§ **SOURCE DATA**
----

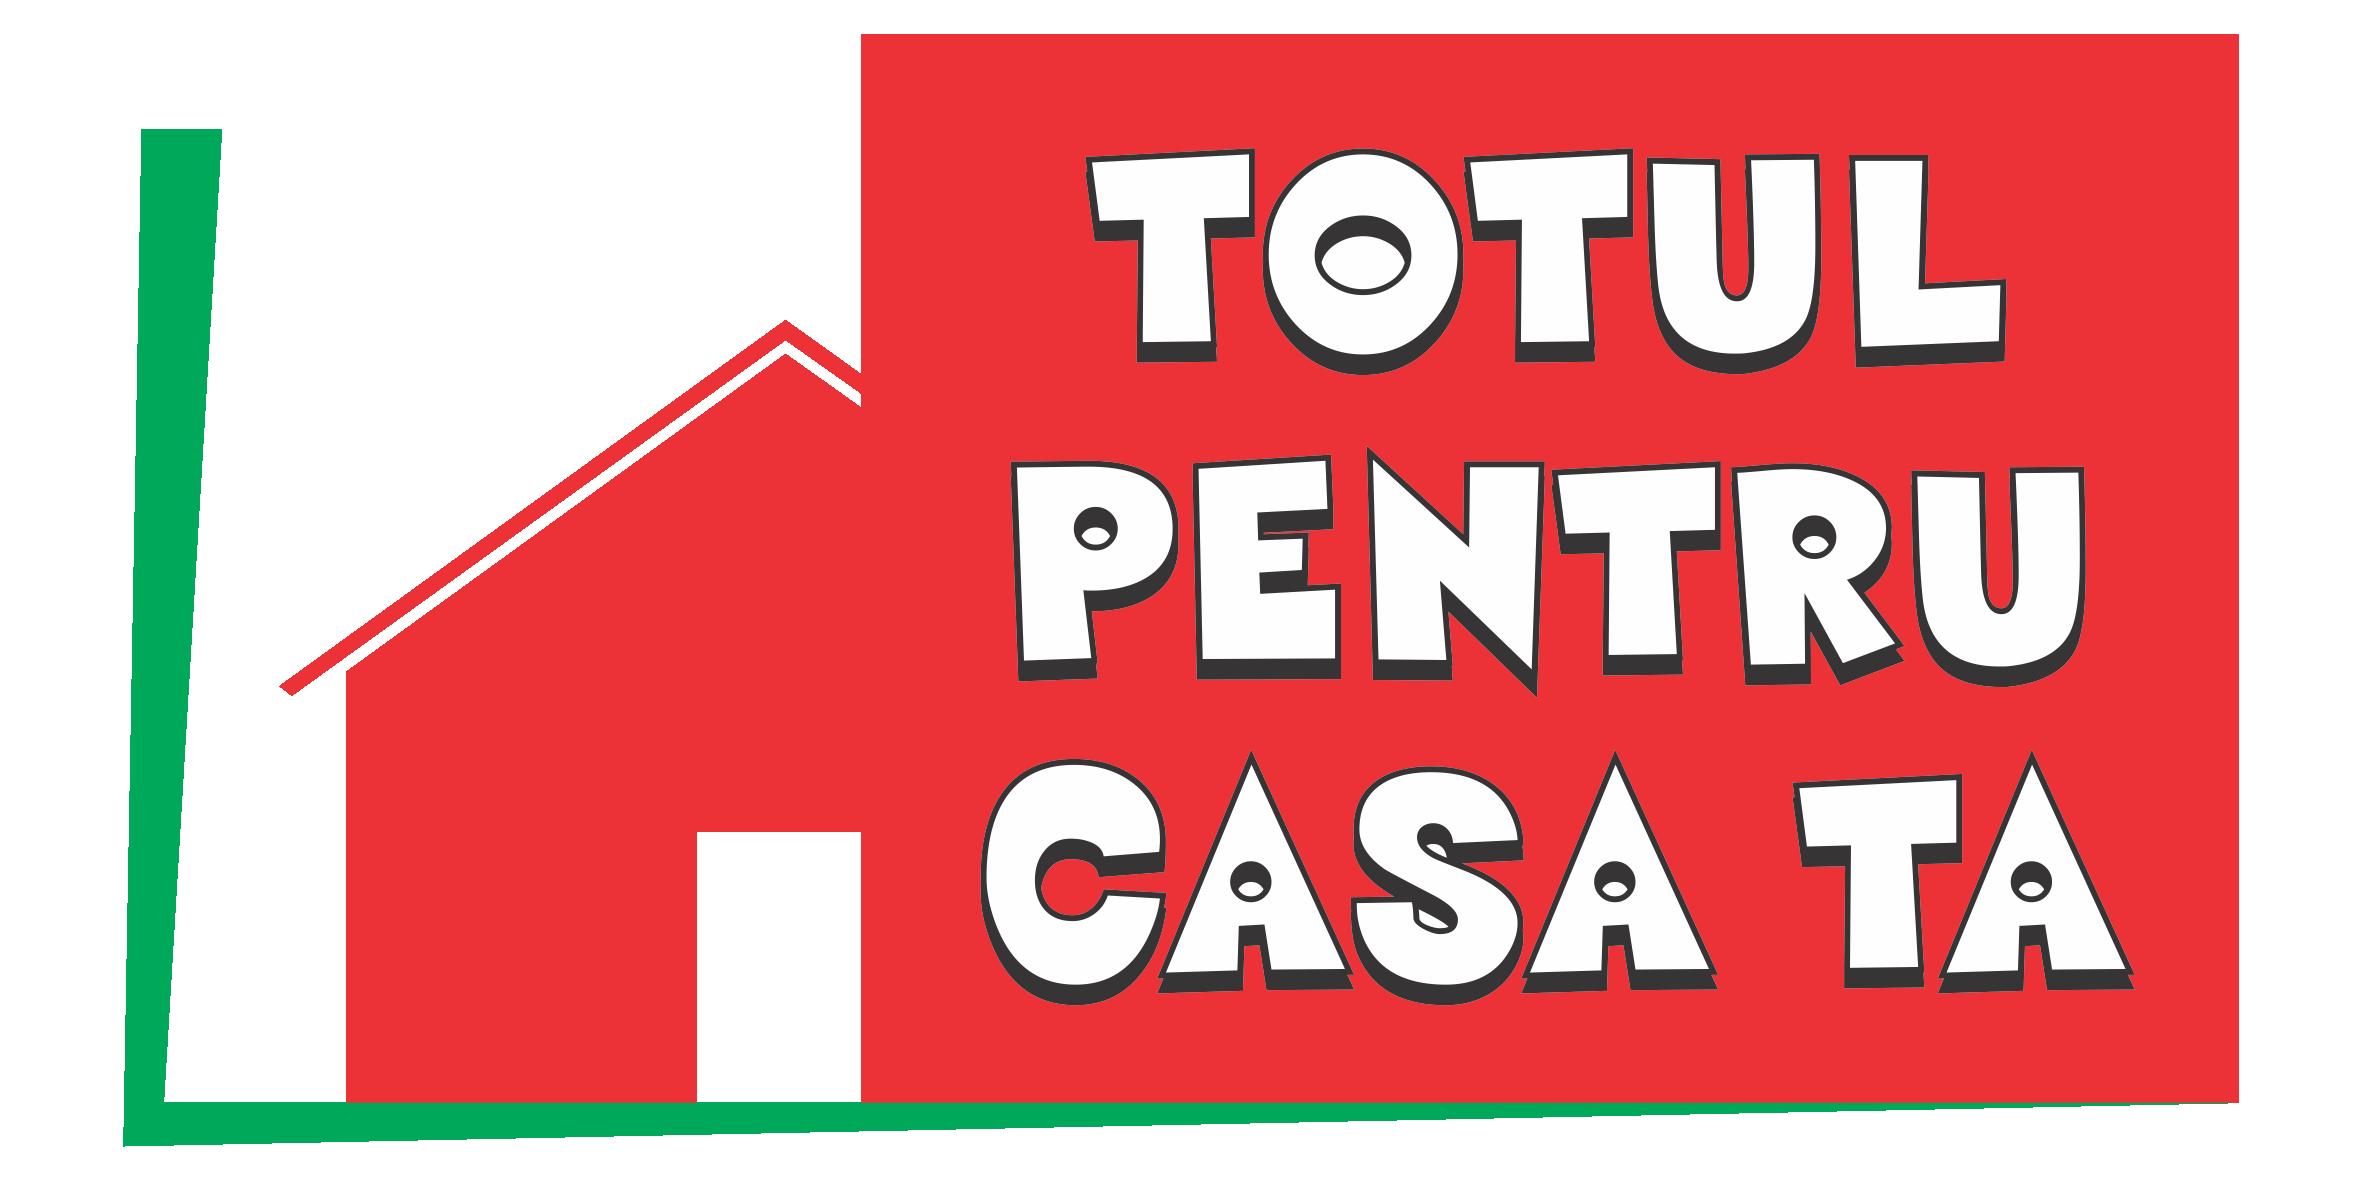 TOTUL PENTRU CASA TA
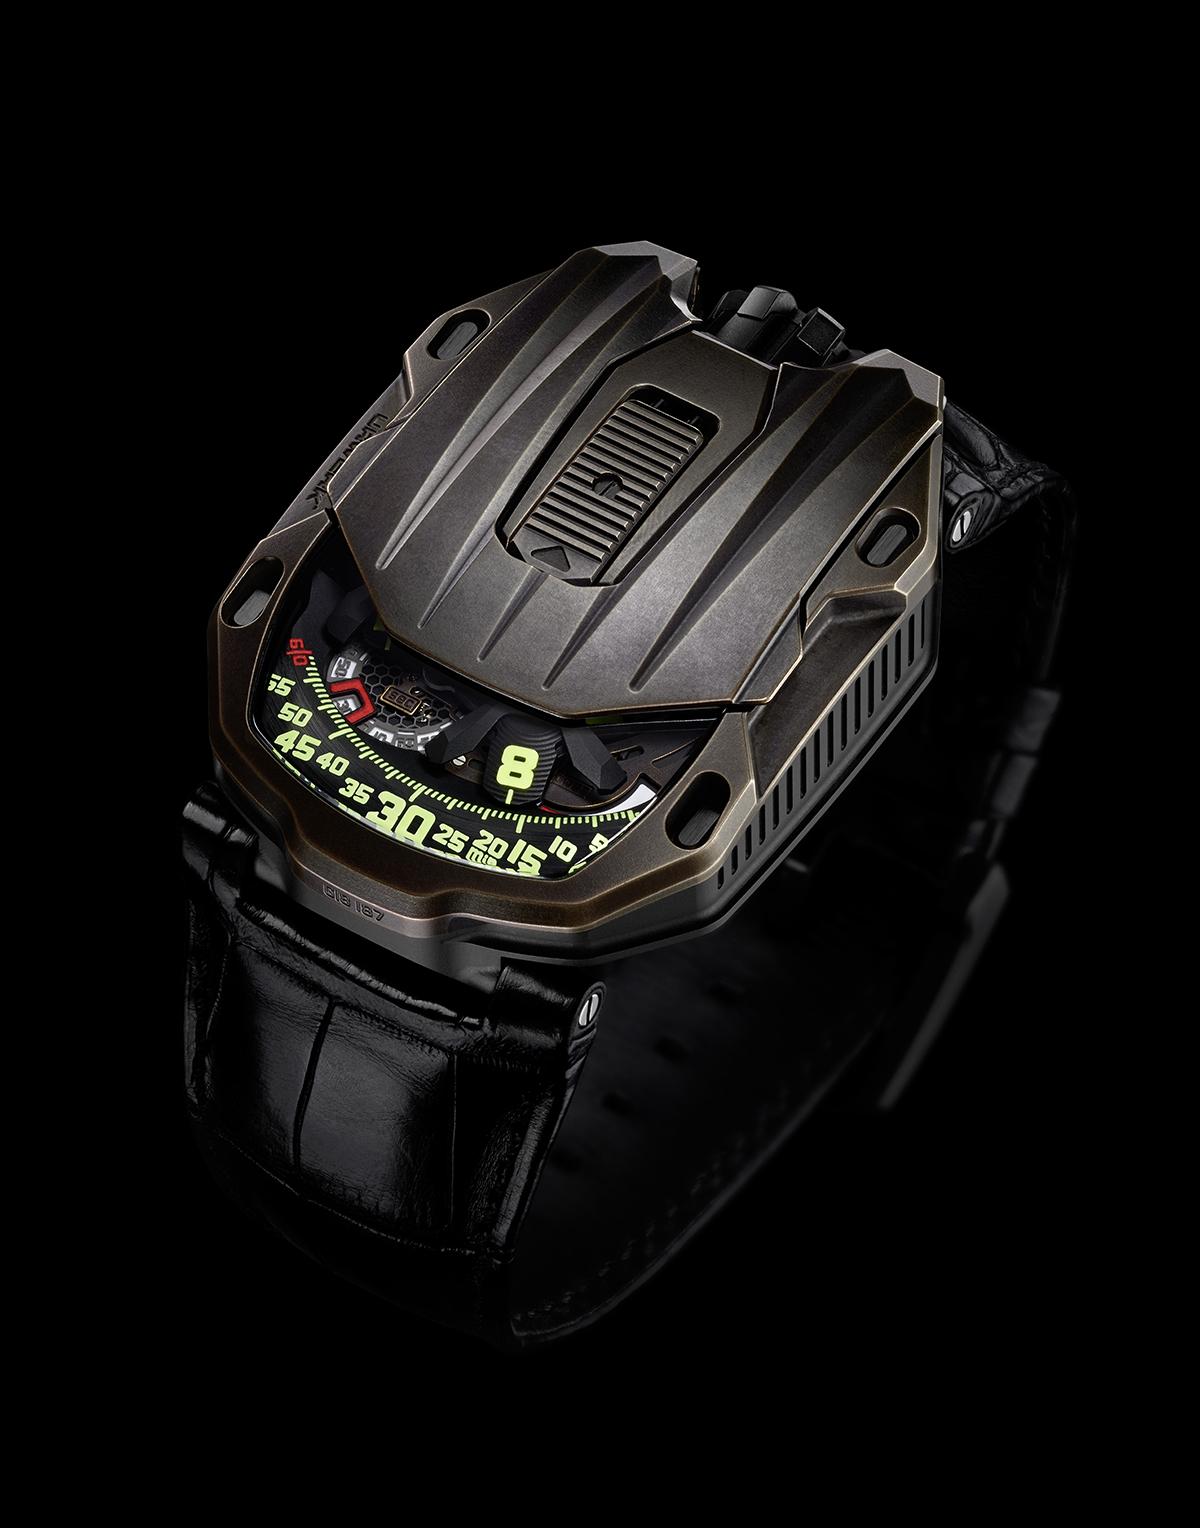 El nuevo Urwerk Ur-105 CT Maverick incorpora una caja realizada en bronce y titanio
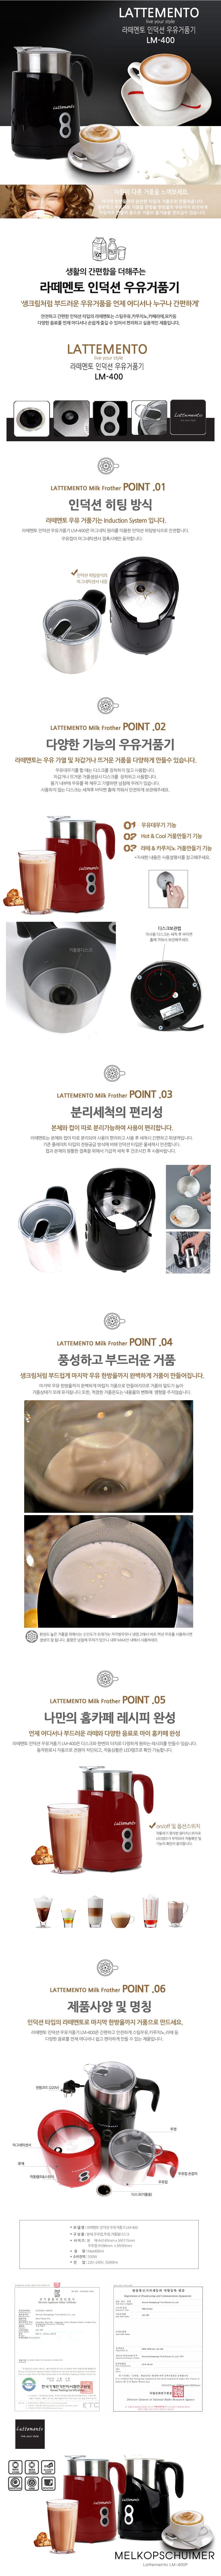 [라떼멘토] 전동우유거품기 400ml - 어라운지, 108,000원, 커피 용품, 우유거품기

----

§ **TASK DIRECTIONS**
Omit the pictures and output all remaining material exactly.

§ **ANSWER BOX**
 TOTUL PENTRU CASA TA
 El nuevo Urwerk Ur-105 CT Maverick incorpora una caja realizada en bronce y titanio
 [라떼멘토] 전동우유거품기 400ml - 어라운지, 108,000원, 커피 용품, 우유거품기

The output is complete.